PROBLEM REQUIREMENTS.
Please give back only the lines below from the one containing "最终幻想15截图高清欣赏 超大量美图JRPG典" to the one containing "画顶视图的孩子 有创造性的辅助部件的艺术品工作场所 为绘的平的位置艺术工具", each repeated word for word, both ends included.
=-=-=
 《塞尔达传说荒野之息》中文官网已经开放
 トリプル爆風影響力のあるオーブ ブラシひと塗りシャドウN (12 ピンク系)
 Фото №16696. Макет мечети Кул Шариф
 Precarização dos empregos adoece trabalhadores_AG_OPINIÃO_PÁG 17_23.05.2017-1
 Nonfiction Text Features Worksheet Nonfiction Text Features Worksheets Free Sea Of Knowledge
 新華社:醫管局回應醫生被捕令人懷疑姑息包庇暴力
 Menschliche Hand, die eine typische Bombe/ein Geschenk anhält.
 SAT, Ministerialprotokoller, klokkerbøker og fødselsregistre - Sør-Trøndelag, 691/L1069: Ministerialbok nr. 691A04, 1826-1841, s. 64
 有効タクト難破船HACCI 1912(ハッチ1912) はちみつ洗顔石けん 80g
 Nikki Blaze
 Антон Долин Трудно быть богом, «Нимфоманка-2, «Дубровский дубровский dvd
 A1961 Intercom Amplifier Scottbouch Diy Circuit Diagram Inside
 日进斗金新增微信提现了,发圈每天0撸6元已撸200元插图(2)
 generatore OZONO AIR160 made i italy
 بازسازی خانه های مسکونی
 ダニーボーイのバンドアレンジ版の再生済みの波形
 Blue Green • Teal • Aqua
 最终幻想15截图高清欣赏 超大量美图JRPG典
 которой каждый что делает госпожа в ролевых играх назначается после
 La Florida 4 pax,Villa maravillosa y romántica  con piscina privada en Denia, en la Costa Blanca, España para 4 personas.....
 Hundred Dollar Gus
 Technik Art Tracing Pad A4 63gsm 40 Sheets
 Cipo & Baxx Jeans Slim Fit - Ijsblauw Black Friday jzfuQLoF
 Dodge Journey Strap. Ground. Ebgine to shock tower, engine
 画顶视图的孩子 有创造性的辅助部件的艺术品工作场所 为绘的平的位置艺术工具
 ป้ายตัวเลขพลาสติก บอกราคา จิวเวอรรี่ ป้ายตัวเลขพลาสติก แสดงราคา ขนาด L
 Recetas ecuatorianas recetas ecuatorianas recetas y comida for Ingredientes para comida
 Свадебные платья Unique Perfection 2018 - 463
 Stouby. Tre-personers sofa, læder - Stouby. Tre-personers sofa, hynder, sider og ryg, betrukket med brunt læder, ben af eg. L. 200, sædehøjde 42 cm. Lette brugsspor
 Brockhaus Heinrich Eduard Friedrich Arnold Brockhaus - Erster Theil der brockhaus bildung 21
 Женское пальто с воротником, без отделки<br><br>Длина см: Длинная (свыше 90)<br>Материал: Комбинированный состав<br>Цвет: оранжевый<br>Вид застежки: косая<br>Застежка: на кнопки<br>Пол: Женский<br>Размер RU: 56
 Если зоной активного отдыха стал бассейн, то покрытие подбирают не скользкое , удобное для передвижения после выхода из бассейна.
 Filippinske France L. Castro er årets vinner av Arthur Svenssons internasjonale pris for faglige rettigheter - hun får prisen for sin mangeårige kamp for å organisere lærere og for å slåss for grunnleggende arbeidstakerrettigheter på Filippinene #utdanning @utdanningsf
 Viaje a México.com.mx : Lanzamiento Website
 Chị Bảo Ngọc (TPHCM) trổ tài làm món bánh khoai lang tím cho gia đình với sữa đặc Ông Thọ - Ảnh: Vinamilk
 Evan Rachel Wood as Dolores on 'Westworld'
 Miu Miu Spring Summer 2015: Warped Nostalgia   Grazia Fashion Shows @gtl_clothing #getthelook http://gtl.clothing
=-=-=
YOUR RESPONSE.
 最终幻想15截图高清欣赏 超大量美图JRPG典
 которой каждый что делает госпожа в ролевых играх назначается после
 La Florida 4 pax,Villa maravillosa y romántica  con piscina privada en Denia, en la Costa Blanca, España para 4 personas.....
 Hundred Dollar Gus
 Technik Art Tracing Pad A4 63gsm 40 Sheets
 Cipo & Baxx Jeans Slim Fit - Ijsblauw Black Friday jzfuQLoF
 Dodge Journey Strap. Ground. Ebgine to shock tower, engine
 画顶视图的孩子 有创造性的辅助部件的艺术品工作场所 为绘的平的位置艺术工具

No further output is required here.